**Work to be completed:** Below is a listing with pictures. Repeat exactly the lines starting at the one holding "Smeg 155620 Description" and going on through the one holding "texture de vecteur", and leave every picture out.

===== Material for this exercise =====

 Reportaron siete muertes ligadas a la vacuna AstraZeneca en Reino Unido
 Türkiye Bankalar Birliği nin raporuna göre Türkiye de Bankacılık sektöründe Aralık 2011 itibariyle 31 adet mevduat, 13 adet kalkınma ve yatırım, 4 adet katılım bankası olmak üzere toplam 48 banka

=====
===== Material for this exercise =====

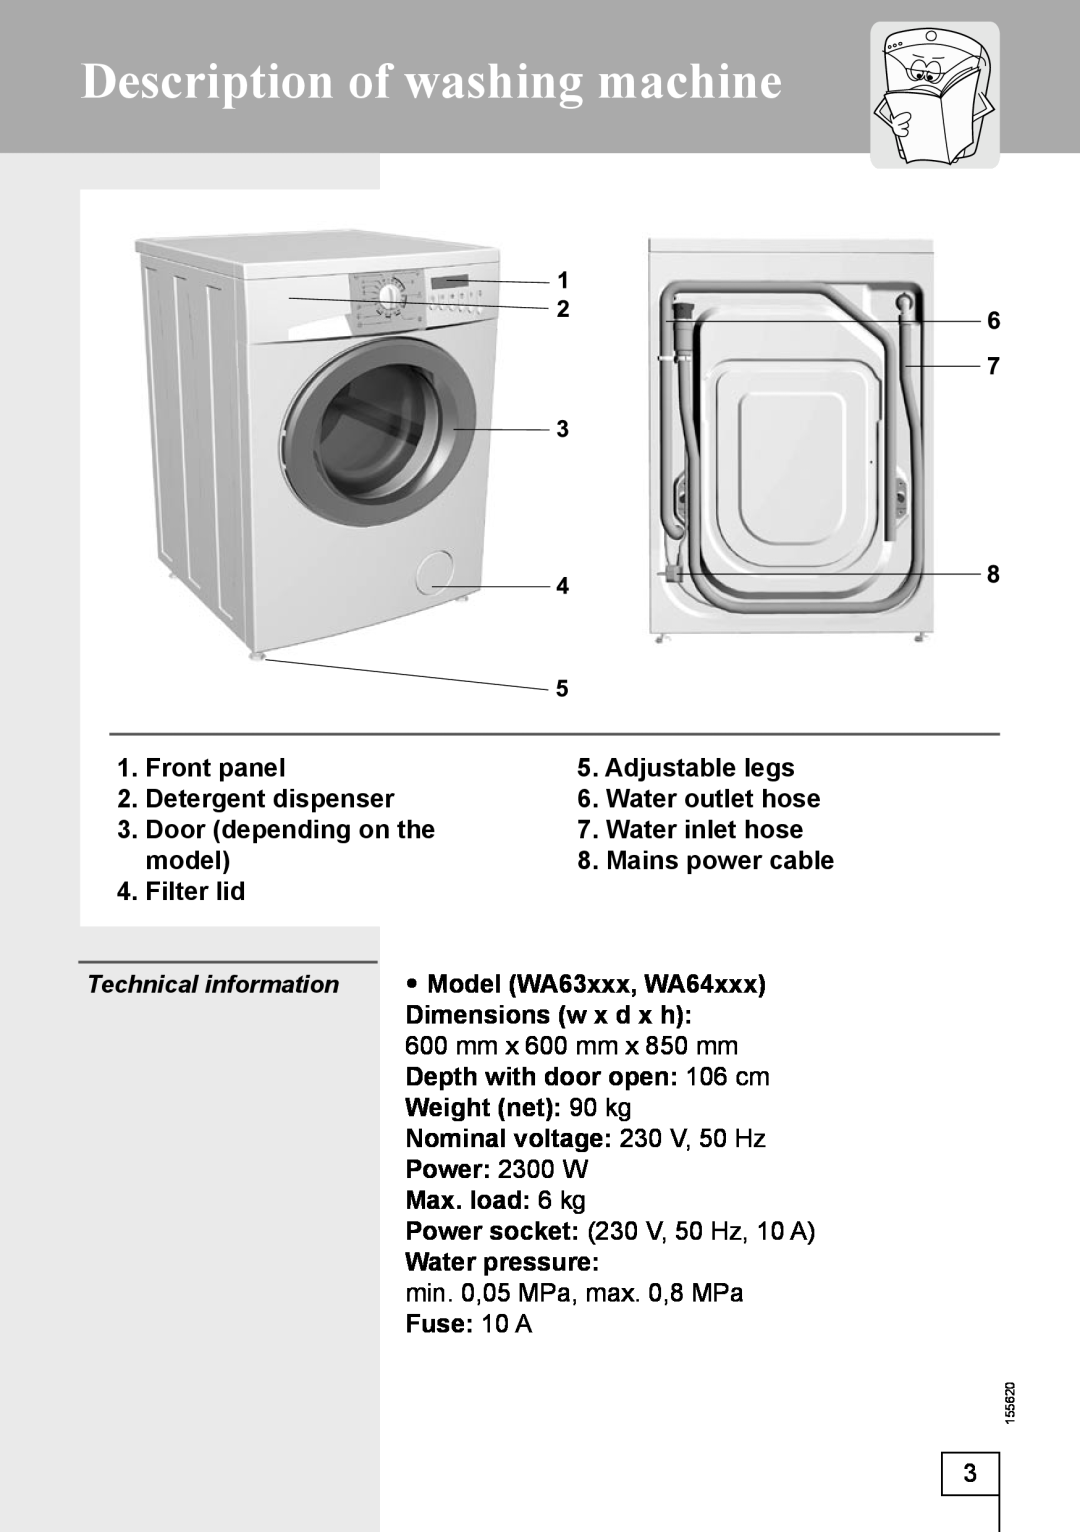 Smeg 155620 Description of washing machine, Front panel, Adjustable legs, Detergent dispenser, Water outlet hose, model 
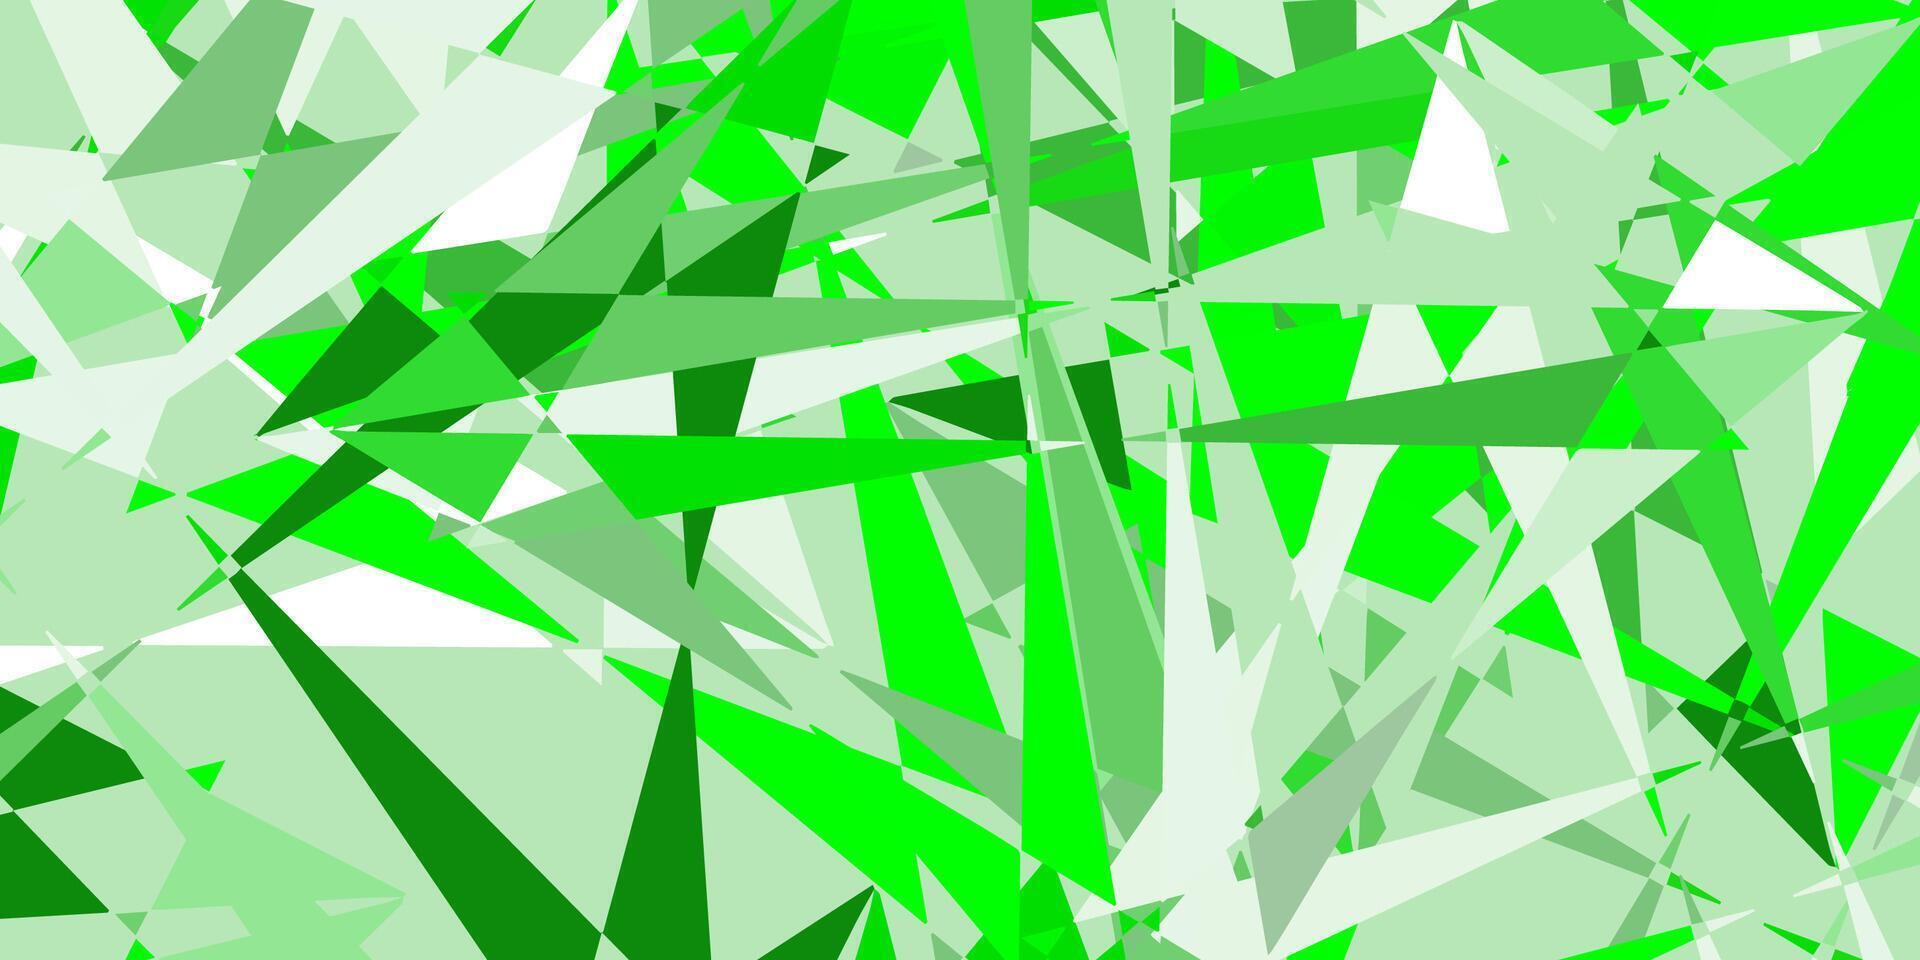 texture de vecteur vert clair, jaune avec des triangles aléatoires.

=====
===== Material for this exercise =====

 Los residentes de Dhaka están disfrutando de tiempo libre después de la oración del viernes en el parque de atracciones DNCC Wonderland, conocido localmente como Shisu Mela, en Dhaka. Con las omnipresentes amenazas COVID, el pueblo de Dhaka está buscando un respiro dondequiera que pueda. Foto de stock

=====

**Output:**
 Smeg 155620 Description of washing machine, Front panel, Adjustable legs, Detergent dispenser, Water outlet hose, model 
 texture de vecteur vert clair, jaune avec des triangles aléatoires.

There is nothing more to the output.